Thanks for the info. Now I know why I quit drinking Twinings Earl Grey some years ago. I have ordered some British Earl Grey online and it is definitely better, but then again, the British really know their tea! I also like Bigelow’s version.

Deborah
Deborah
2 years ago

To me Bergamot is an irresistible elixir. I am quite fond of the taste and adore the aroma. Earl Grey Tea is an absolute in my house. I also enjoy candles and and other products infused with Bergamot.

Barbara
Barbara
2 years ago

Diane, I began planting Bee Balm (also known as Monarda) a couple of years ago. If the scent resembles anything, it’s oregano, not bergamot. In my opinion, neither flavors are what I want in my tea. Maybe bergamot is similar in appeal to cilantro where, to some who are genetically hardwired, it tastes like soap. To me, Earl Grey is like drinking perfume!

Lainey
Lainey
2 years ago

I’m not a fan of Earl Grey tea at all.
However, Lady Grey tea (Twinings) is my go-to favourite.
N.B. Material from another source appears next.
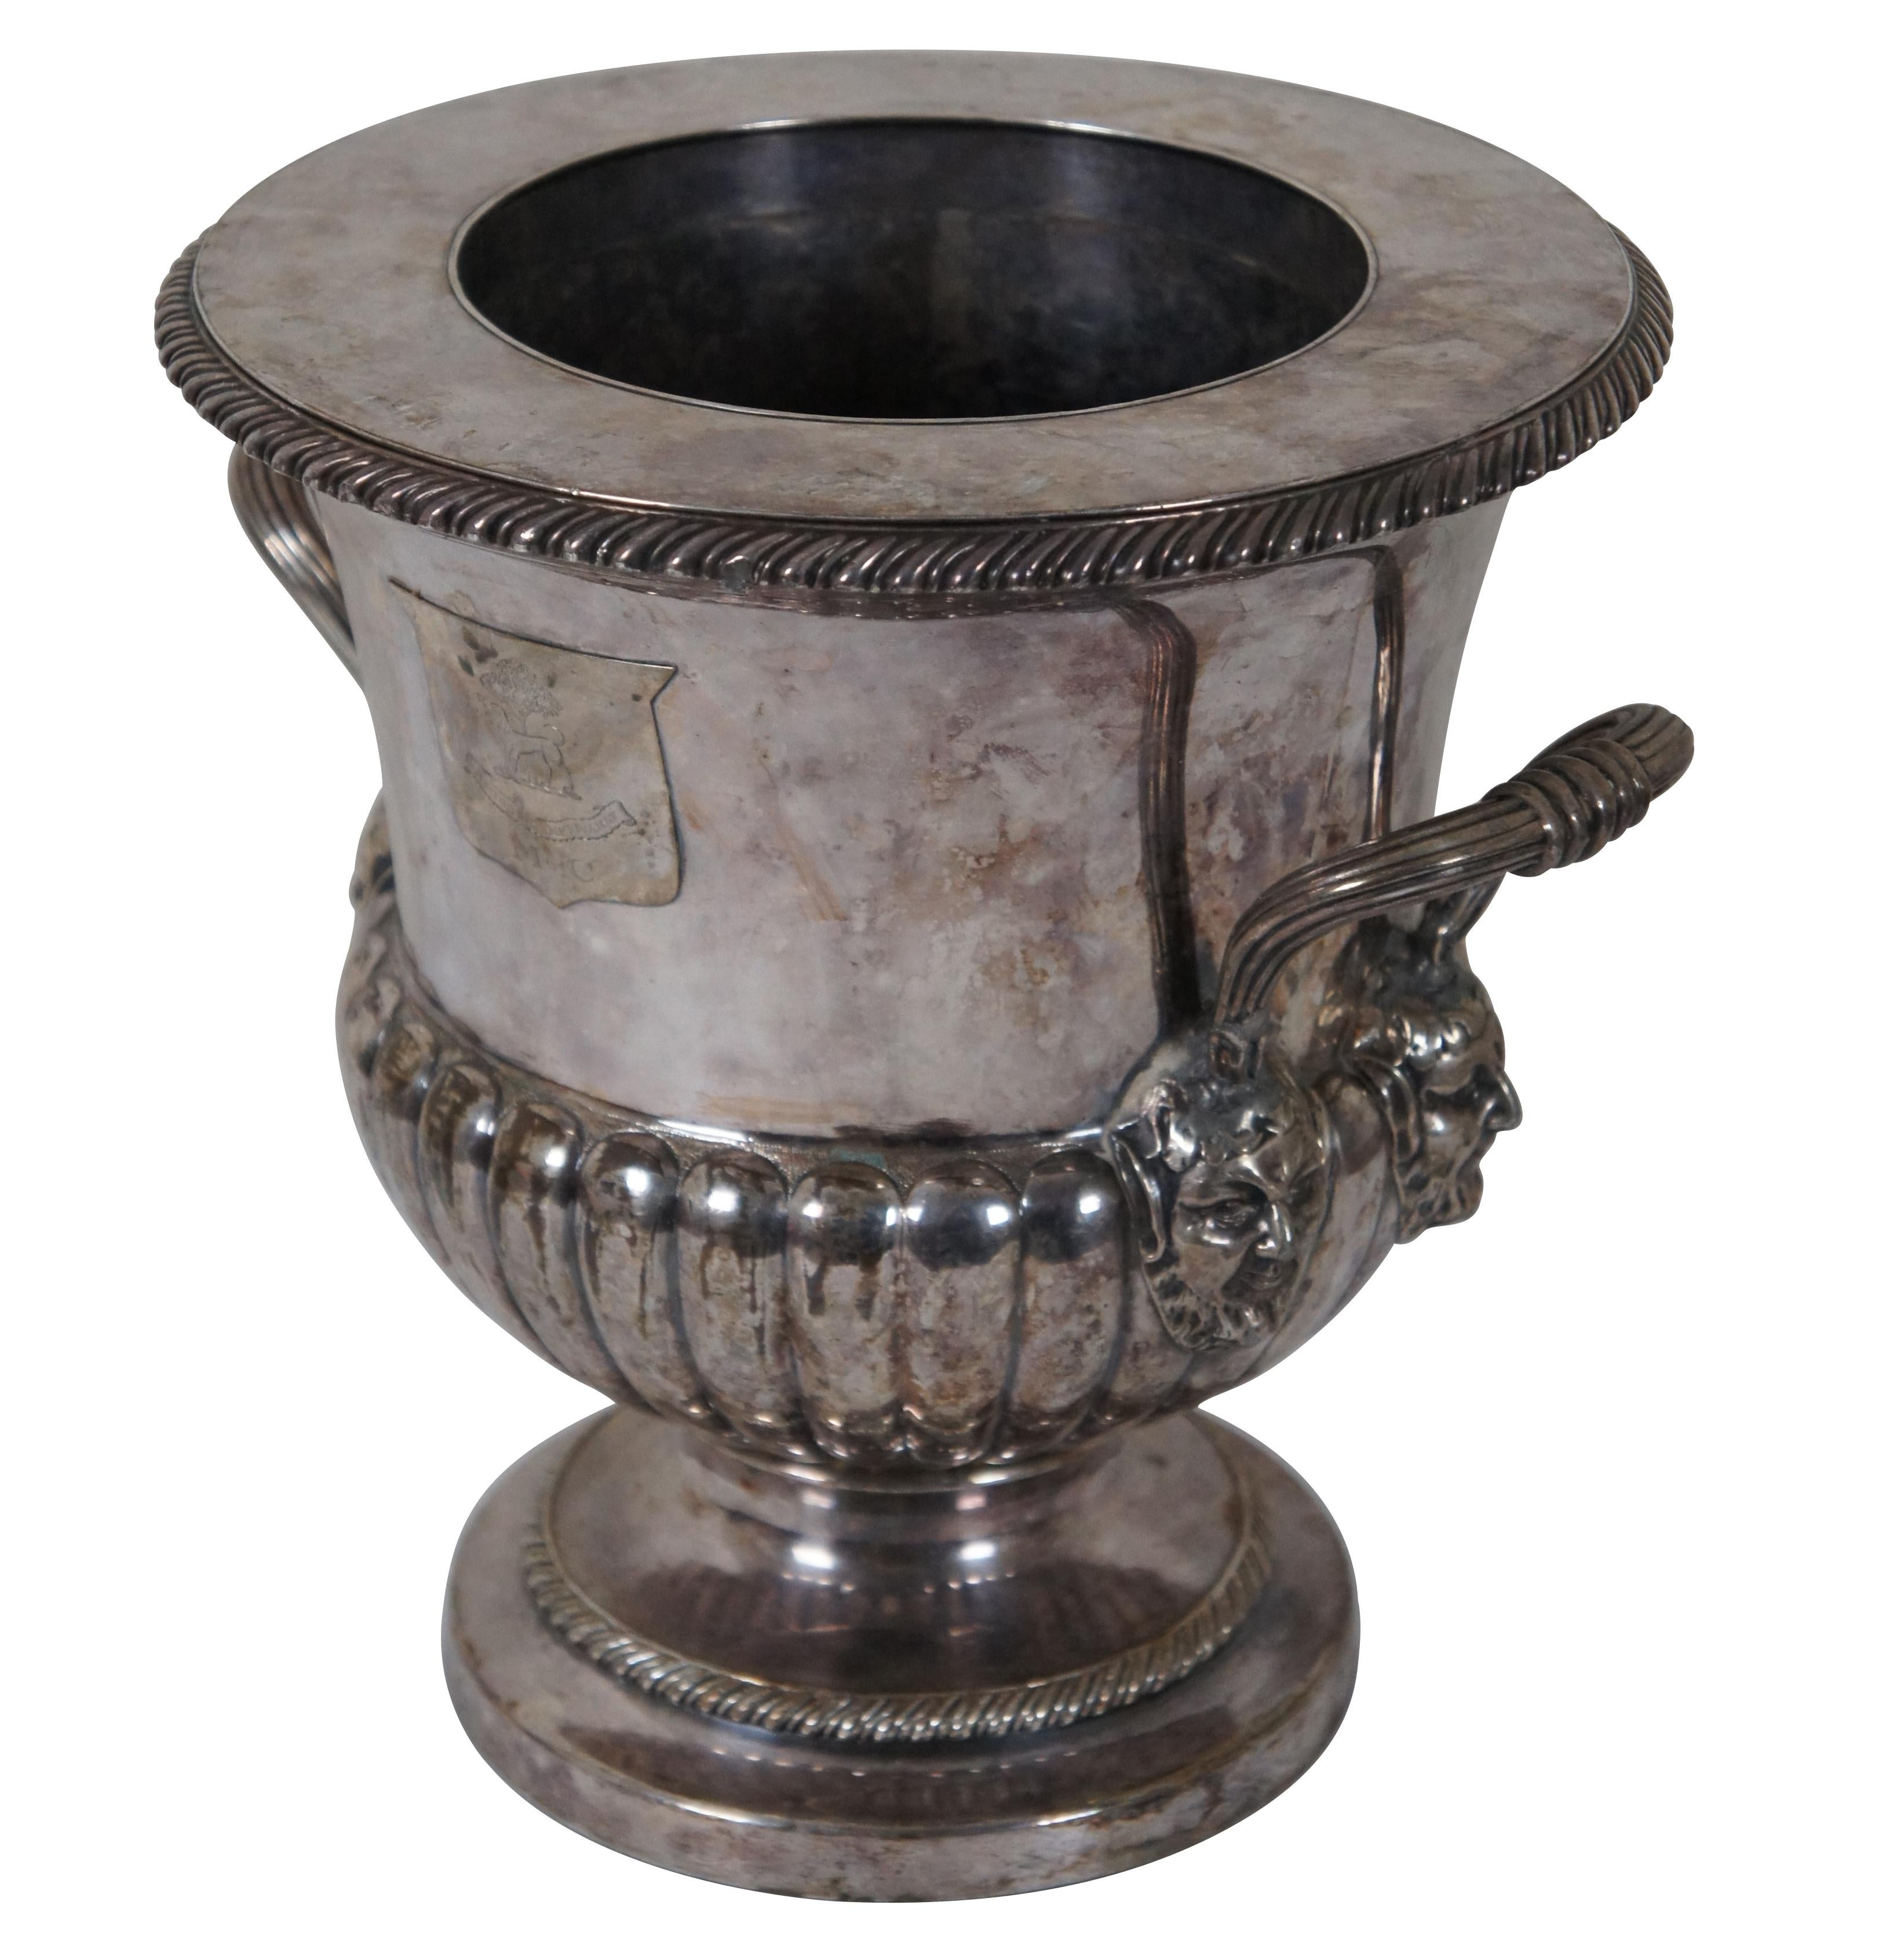 Rafraîchisseur de champagne ou de vin en métal argenté ancien. La forme classique d'une urne trophée est agrémentée de godrons ciselés. Les deux côtés sont ornés de bustes de Dionysos ou de Bacchus, le dieu des vendanges et de la vinification. Le

Christine (Planutis)Santee
Christine (Planutis)Santee
2 years ago

Earl Grey has been my favorite for many years. My parents drank it almost daily and introduced me to it. When in England, Earl Grey was the “go to” tea of choice with butter cookies, scones and Watercress sandwiches on buttered bread! Odd? Not if you’ve tasted it! I use the tea bags simply because they are so convenient but I prefer brewed tea in a pre-warmed pot which is the proper way to have it.

Amelia M. Cabral
Amelia M. Cabral
2 years ago

Love Earl Gray! My daughter introduced me to “London Fog” Hot Earl Gray with cream and vanilla sugar. I am addicted! I make my vanilla sugar by placing a split vanilla bean in some sugar so it’s ways ready! I like to froth the tea.
.

Laura
Laura
2 years ago

Love the aroma and flavor of Bergamot tea.Comforting and soothing after meals or if a digestive issue is at work.
Just a nice choice for a tea break with a few shortbread biscuits or scones.
Also in some body creams or lotions adds a nice scent and helps destress.
My favorite tea of all.

Brenda
Brenda
2 years ago

I have always thought Earl Grey tea reminded me of a cleaning product! It seems to taste the way some cleaning products smell. But, due to all of it’s benefits I may need to reconsider.

Gary
Gary
2 months ago
Reply to  Brenda

Earl Grey always reminded me of Captain Picard!

Aliye
Aliye
2 years ago

I just love black/bergamot tea. We have tea form bergamot in Turkey ready to brew, quite strong tea but real one.

Diane
Diane
2 years ago

My mother, grandmother and I grew a plant we called Bee Balm. It has different colored pink and reddish blooms. The aroma that abounds if you mash a leaf smells just like bergamot and we were told the tea was made from them. Is that wrong? Or could it simply be a second source?

Susan Higgins
Susan Higgins
2 years ago
Reply to  Diane

Hi Diane, a fresh leaf of bee balm infused with tea will produce a flavor of Earl Grey Tea. But it’s not actually used in the tea making.

Norma
Norma
1 month ago
Reply to  Diane

Bee Balm is a great addition and very healthy drink onas it is packed with vitamins as well.

Cindy
Cindy
2 years ago

I always feel better after drinking a cup of Earl Grey tea. Bergamot essential oil is a favorite for my lava stone essential oil pendant – it makes me feel mentally strong and clear all day with just a quick smell.